Secondo il rapporto presentato oggi da Bloomberg New Energy Finance (Bnef), se si escludono le escluse le grandi centrali idroelettriche da oltre 50 MW, nel 2016, nel mondo i nuovi investimenti nell’energia pulita sono calati del 18%, attestandosi a 287,5 miliardi di dollari
La battuta di arresto degli investimenti globali nelle energie rinnovabili è in parte dovuta ad un elemento positivo: l’ulteriore forte calo dei prezzi delle tecnologie, in particolare del solare fotovoltaico. Ma Bnef evidenzia che dipende anche dal raffreddamento di due dei principali mercati: Cina e Giappone.
Nel 2016, in Cina gli investimenti nelle energie pulite si sono fermati a 87,8 miliardi di dollari, il 26% in meno rispetto al massimo storico 119, 1 miliardi i dollari del 2015, mentre in Giappone ha investito 22.8 miliardi di dollari, ben il 43% in meno del 2015.

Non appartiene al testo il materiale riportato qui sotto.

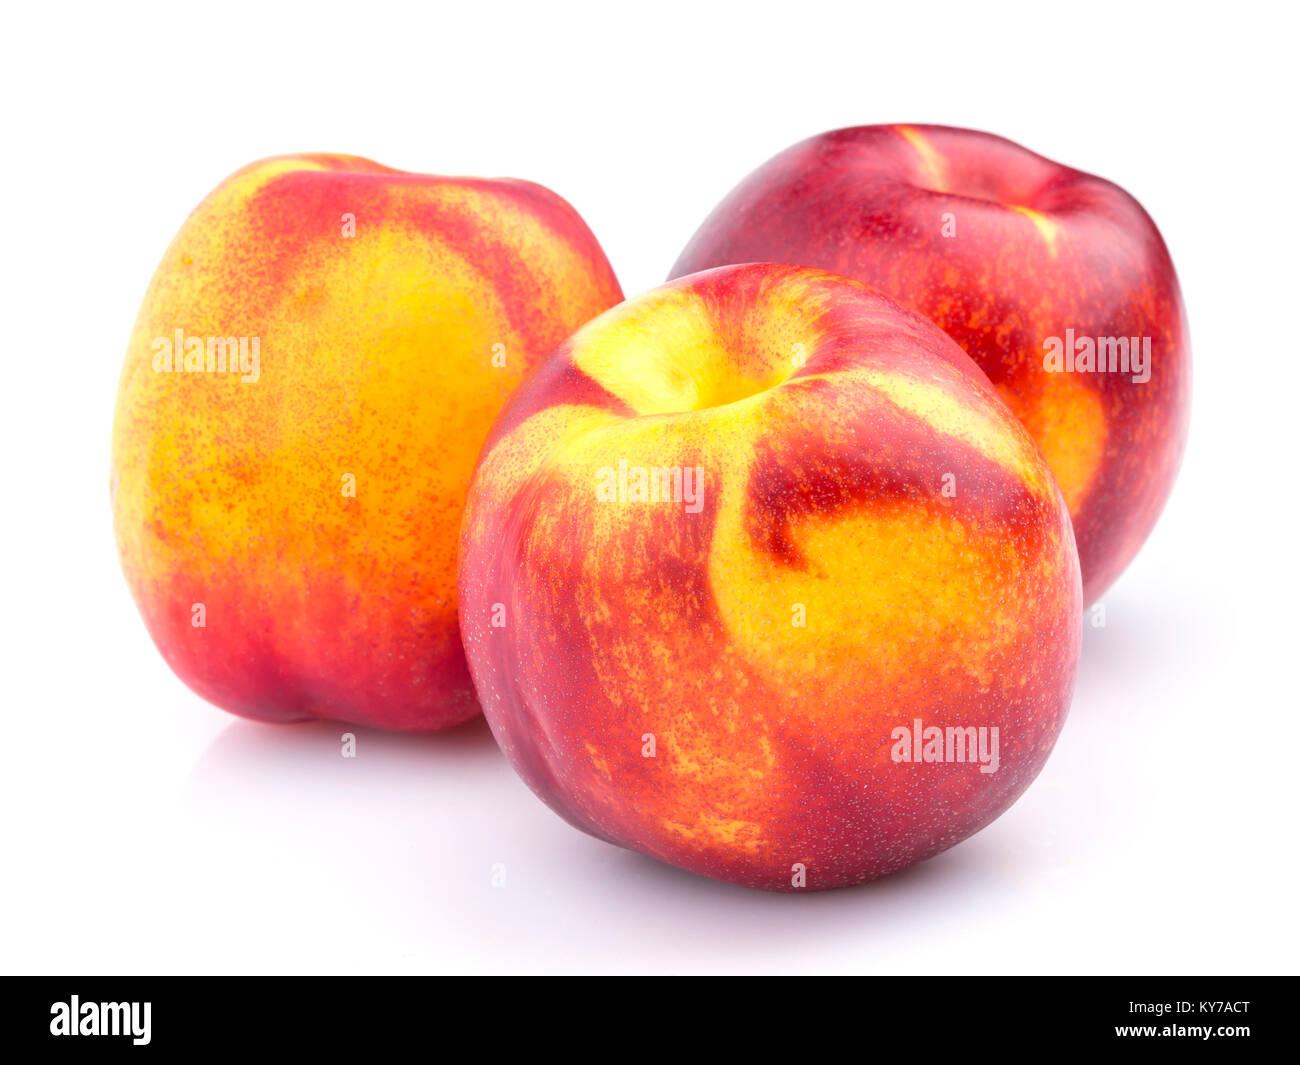 Ganze nektarine Frucht auf weißem Hintergrund Stockbild
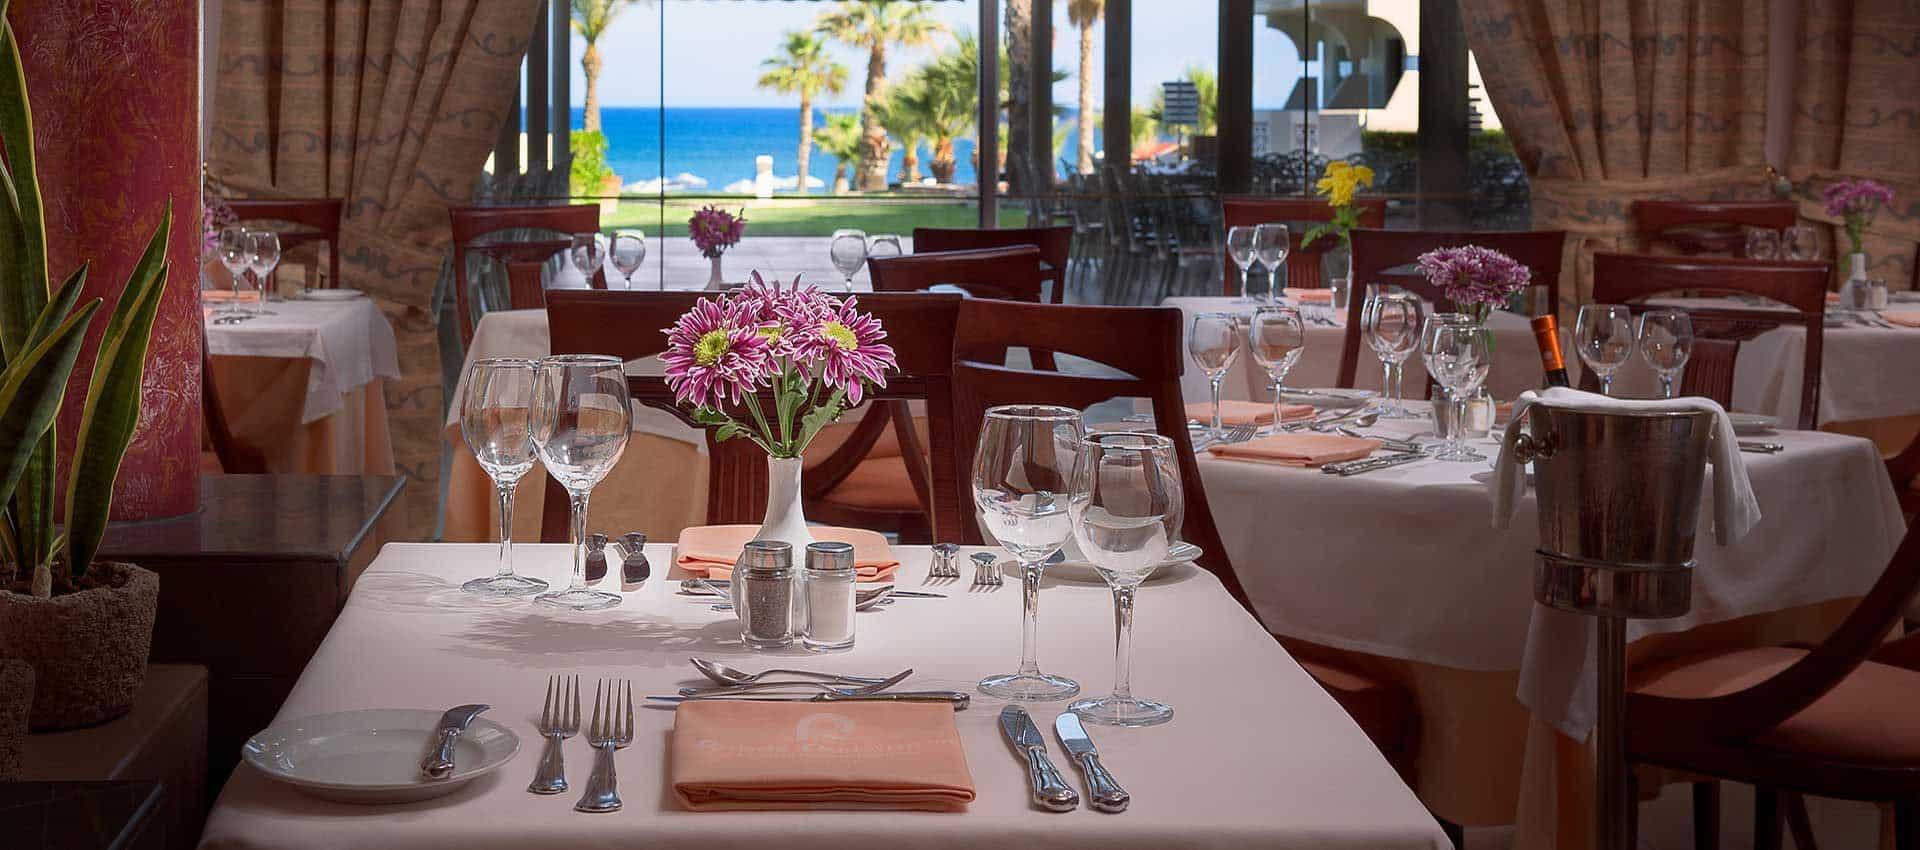 Symposium Main Restaurant

Il responsabile di Bnef Asia, Justin Wu, sottolinea che «dopo anni di investimenti record guidati da alcune delle tariffe feed-in più generose del mondo, Cina e Giappone stanno facendo tagli agli incentivi sulla costruzione di nuovi progetti su vasta scala e passano a “digerire” la capacità che hanno già messo in atto. La Cina si trova ad affrontare il rallentamento della domanda di energia e la crescente decurtazione degli incentivi a eolico e solare. Il governo è ora concentrato sugli investimenti nelle reti e sulla riforma del mercato elettrico, per fare in modo che le energie rinnovabili siano in grado di generare per il loro pieno potenziale. In Giappone, la crescita futura verrà non da progetti di a livello di utility, ma dai sistemi solari installati sui tetti dai consumatori attratti dalle economia sempre più favorevole dell’autoconsumo».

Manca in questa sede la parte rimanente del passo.